#### Data:
———

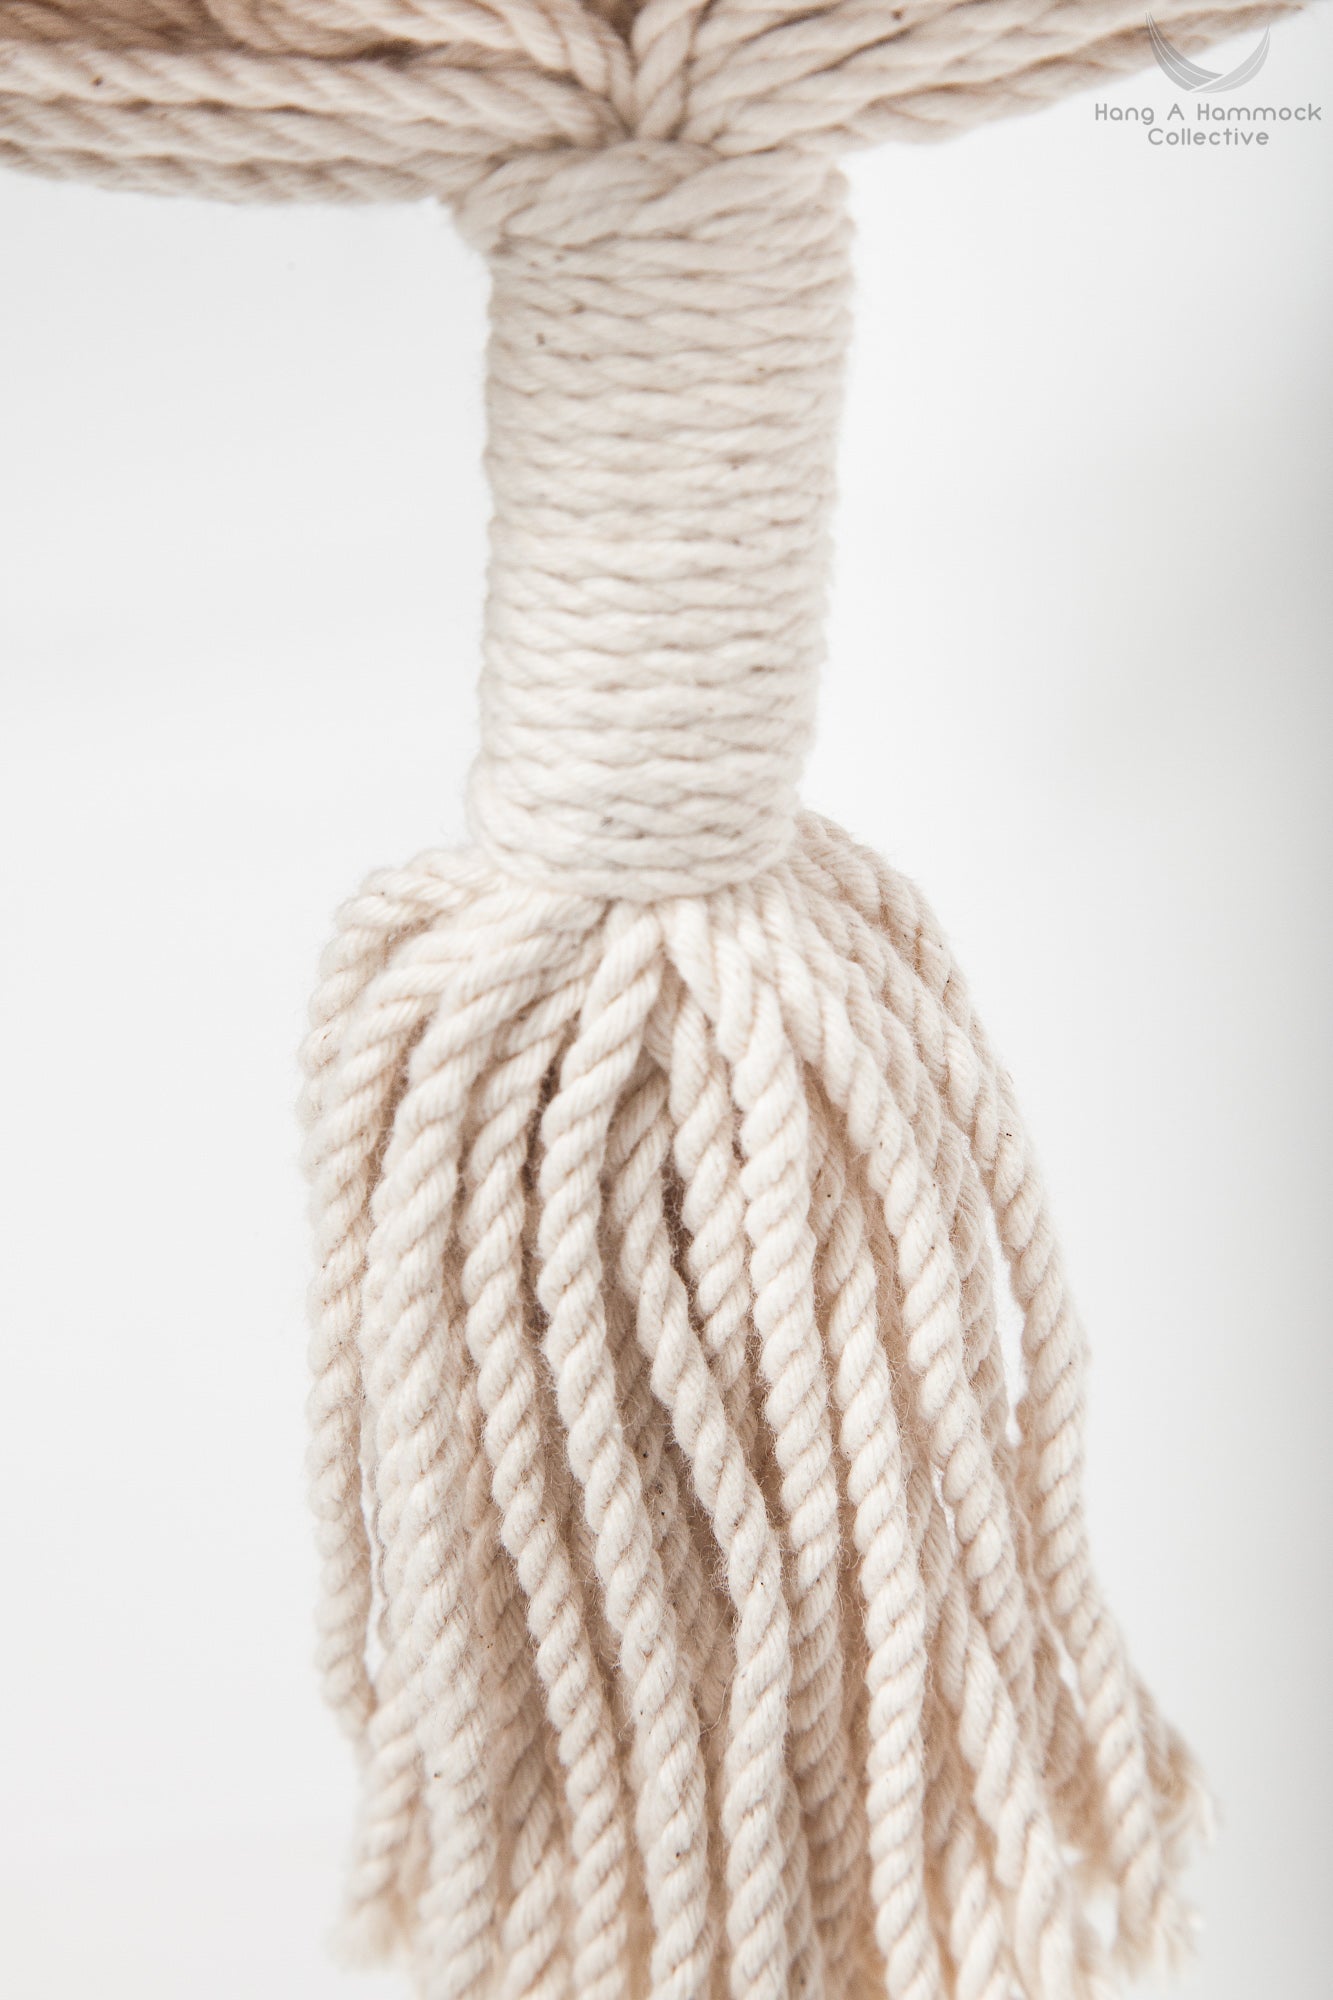 Braided Rope Swing - detail of the fringe - white backgorund
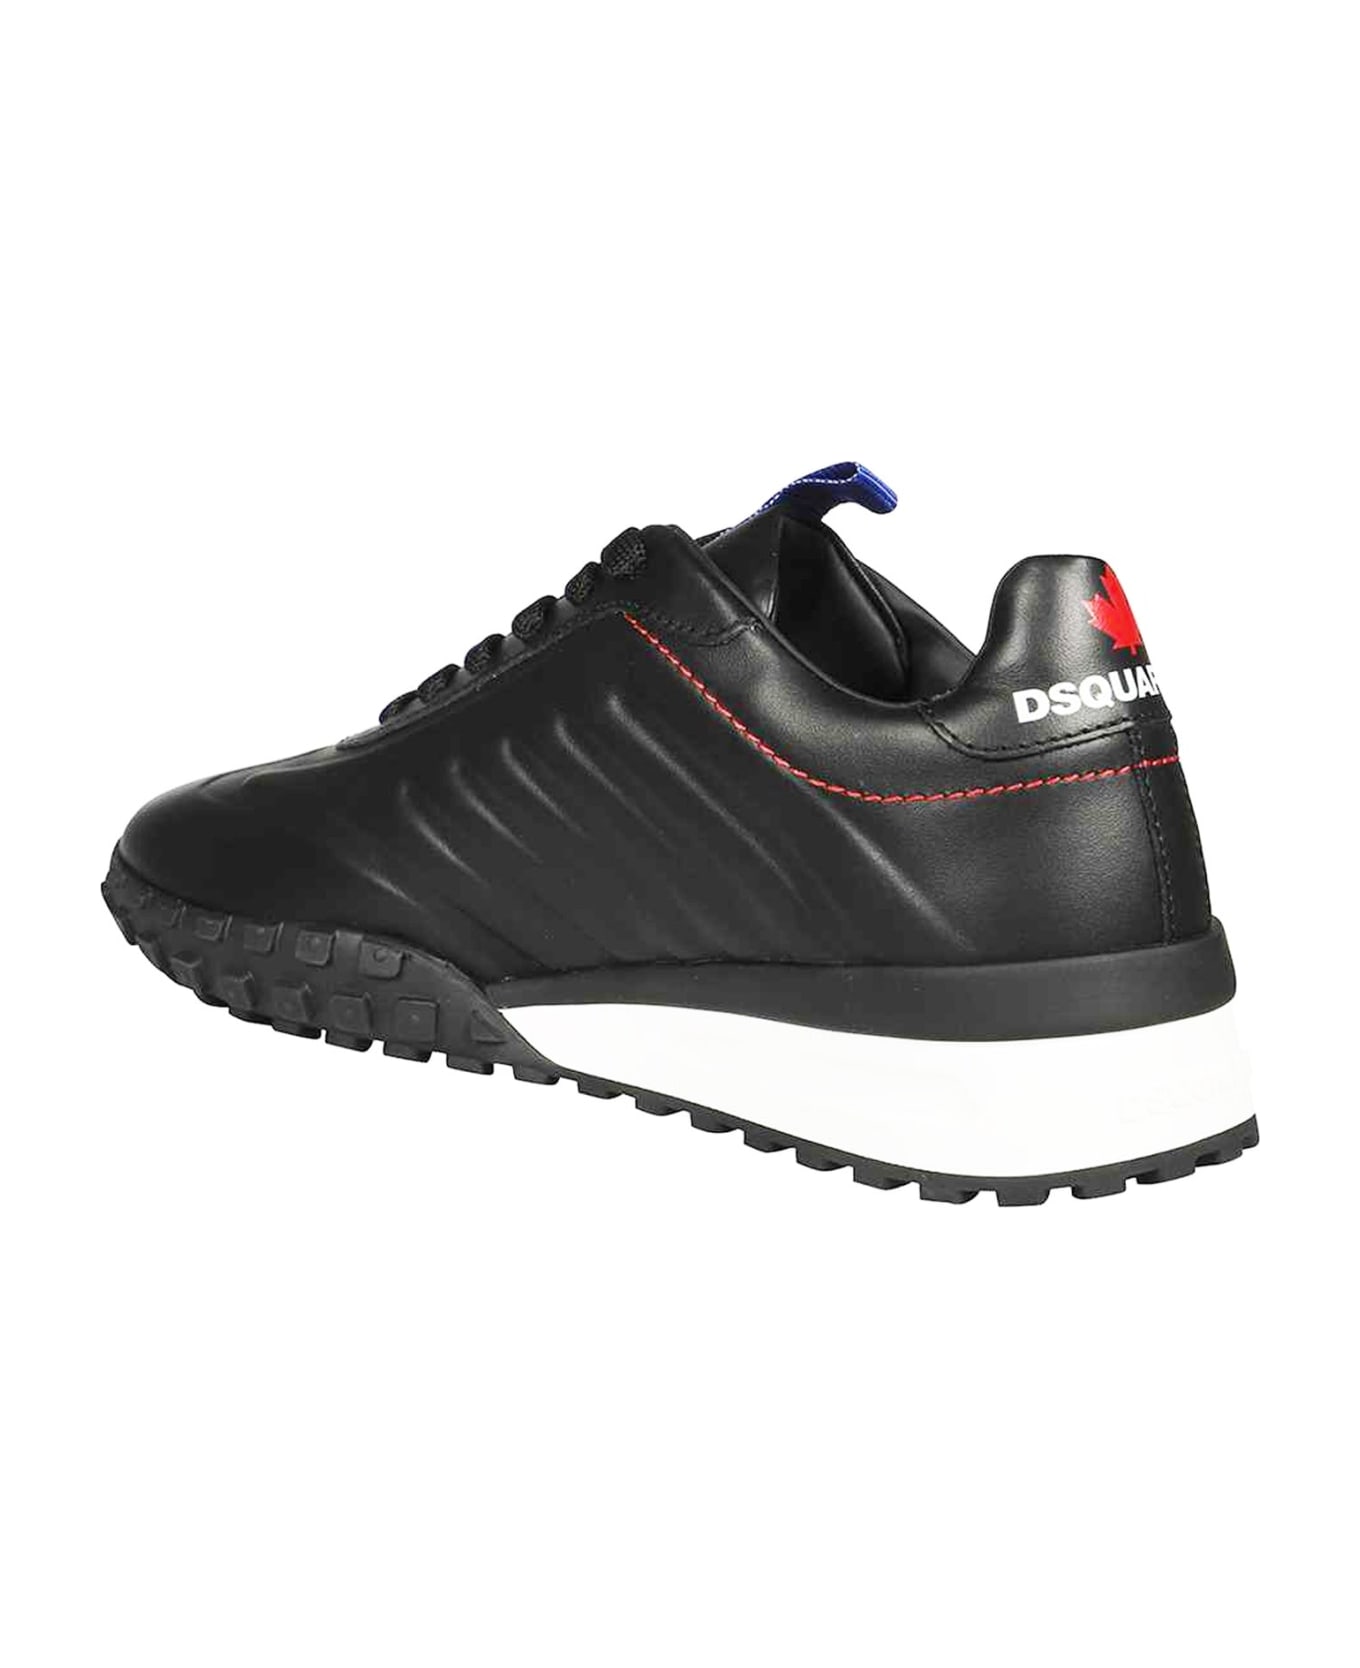 Dsquared2 Legend Leather Sneakers - Black スニーカー
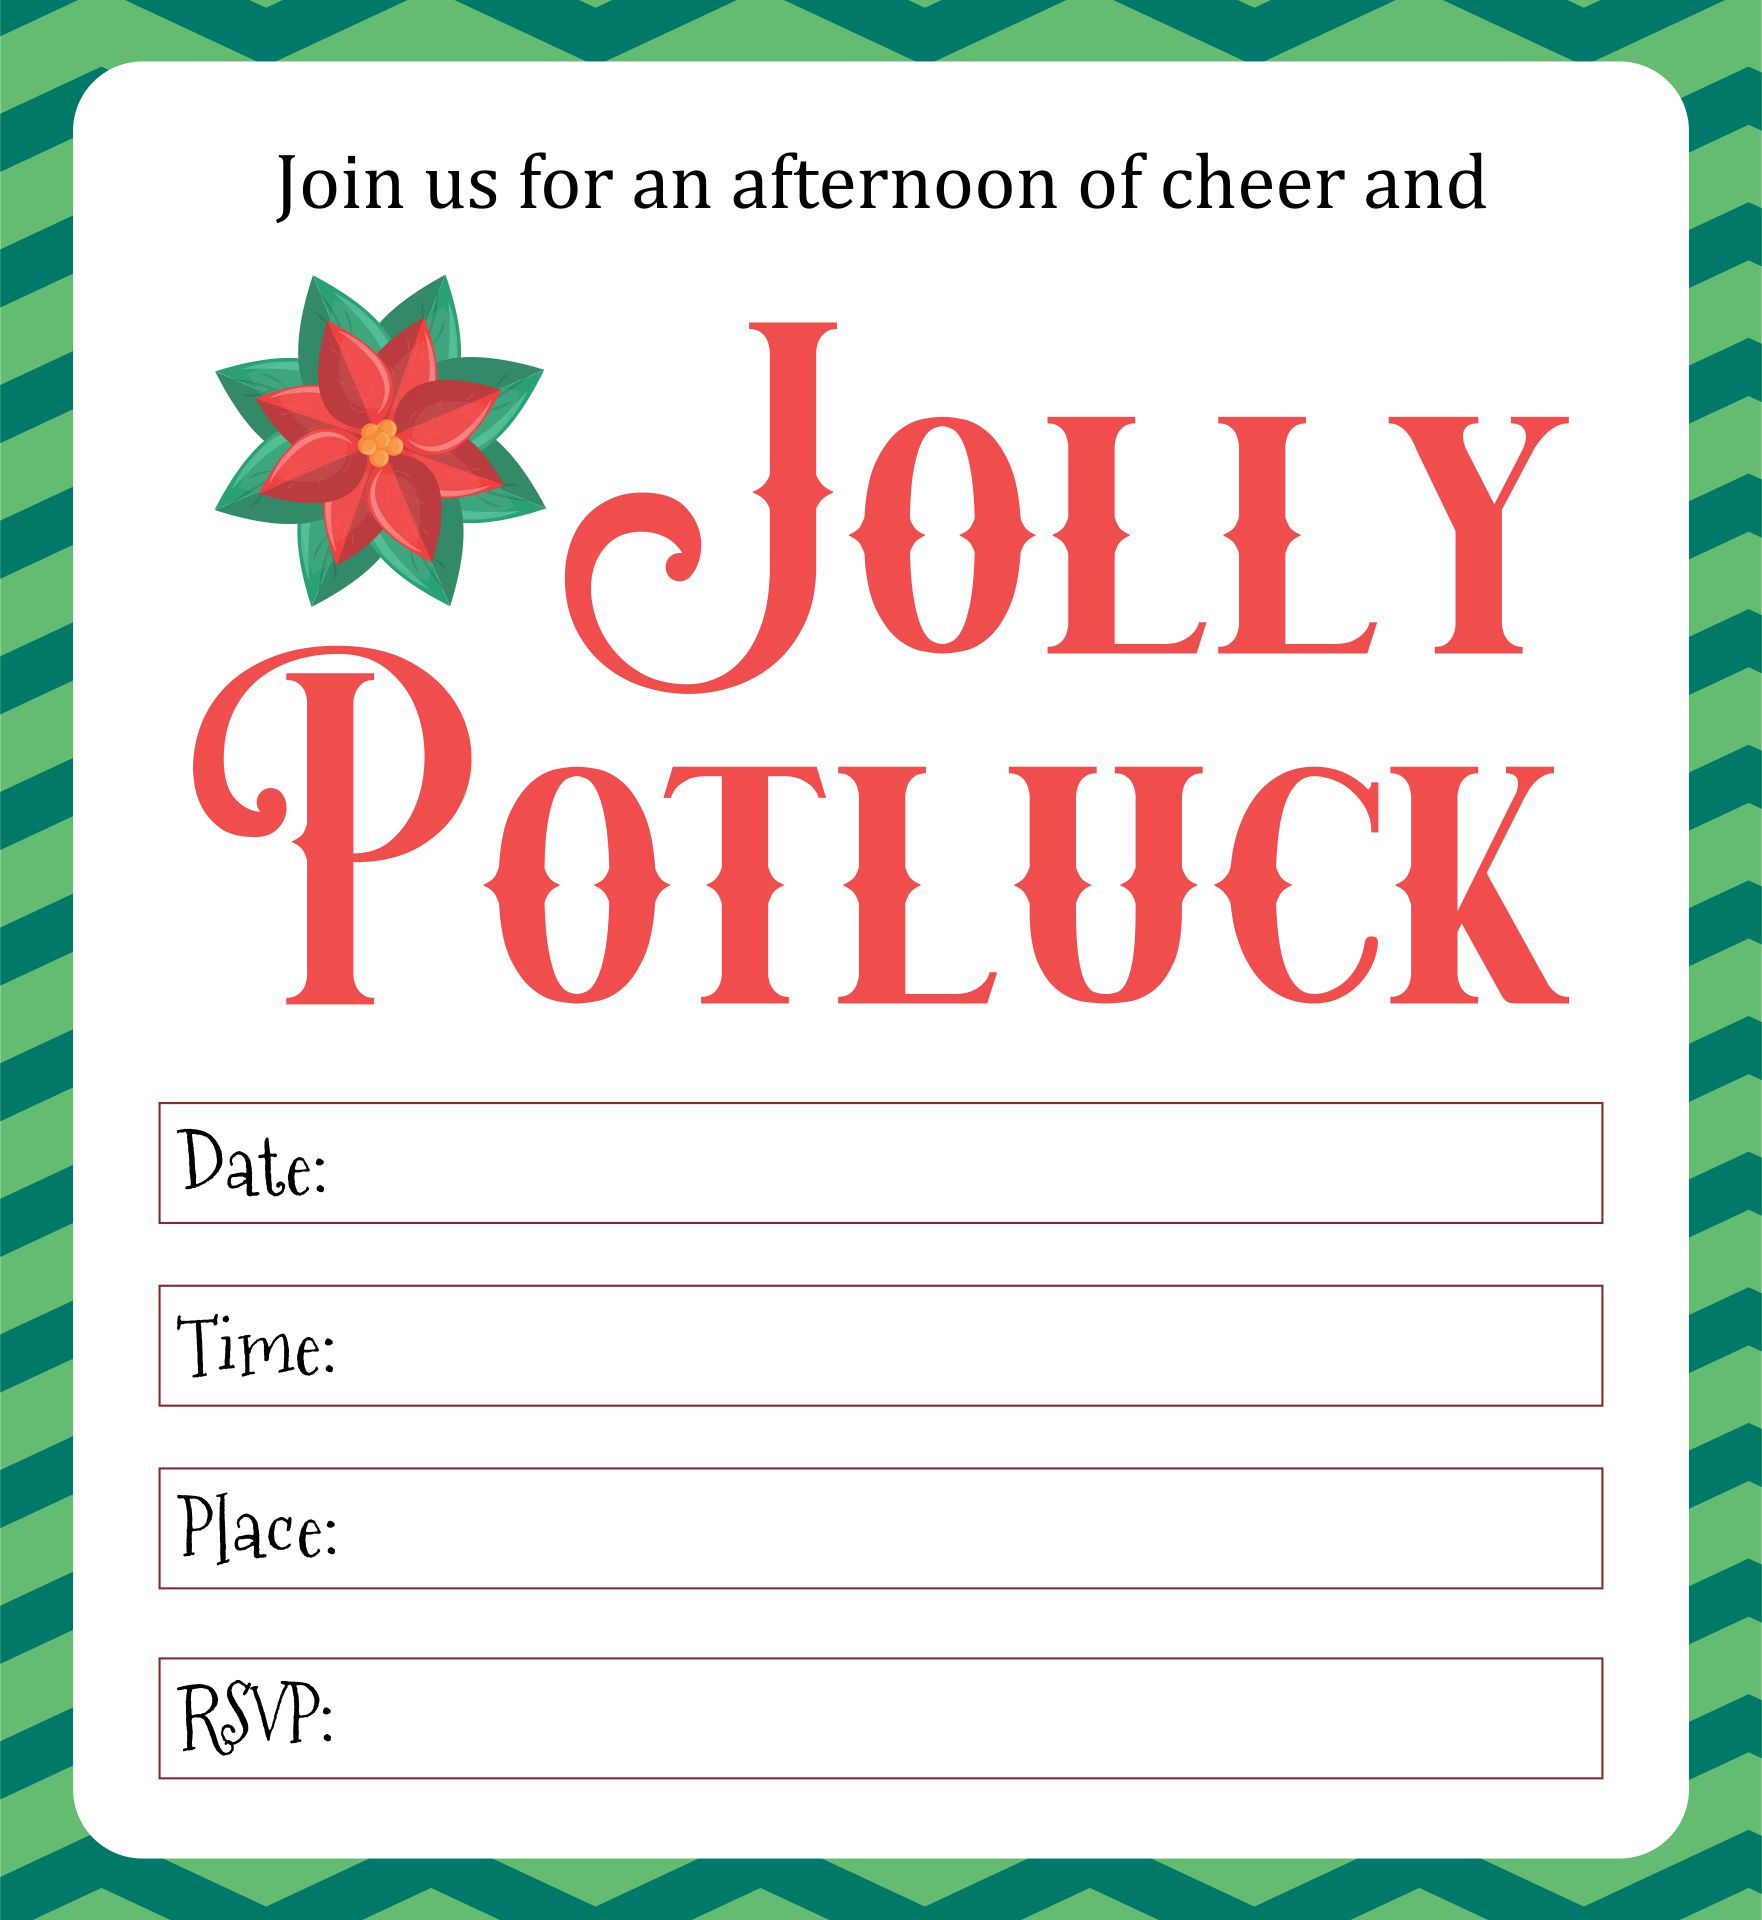 Christmas Dinner, Luncheon And Potluck Invitations

———

#### Task item:
Except for the pictures, copy the material above exactly.

#### Output of the exercise:
 Braided Rope Swing - detail of the fringe - white backgorund
 Dsquared2 Legend Leather Sneakers - Black スニーカー
 Christmas Dinner, Luncheon And Potluck Invitations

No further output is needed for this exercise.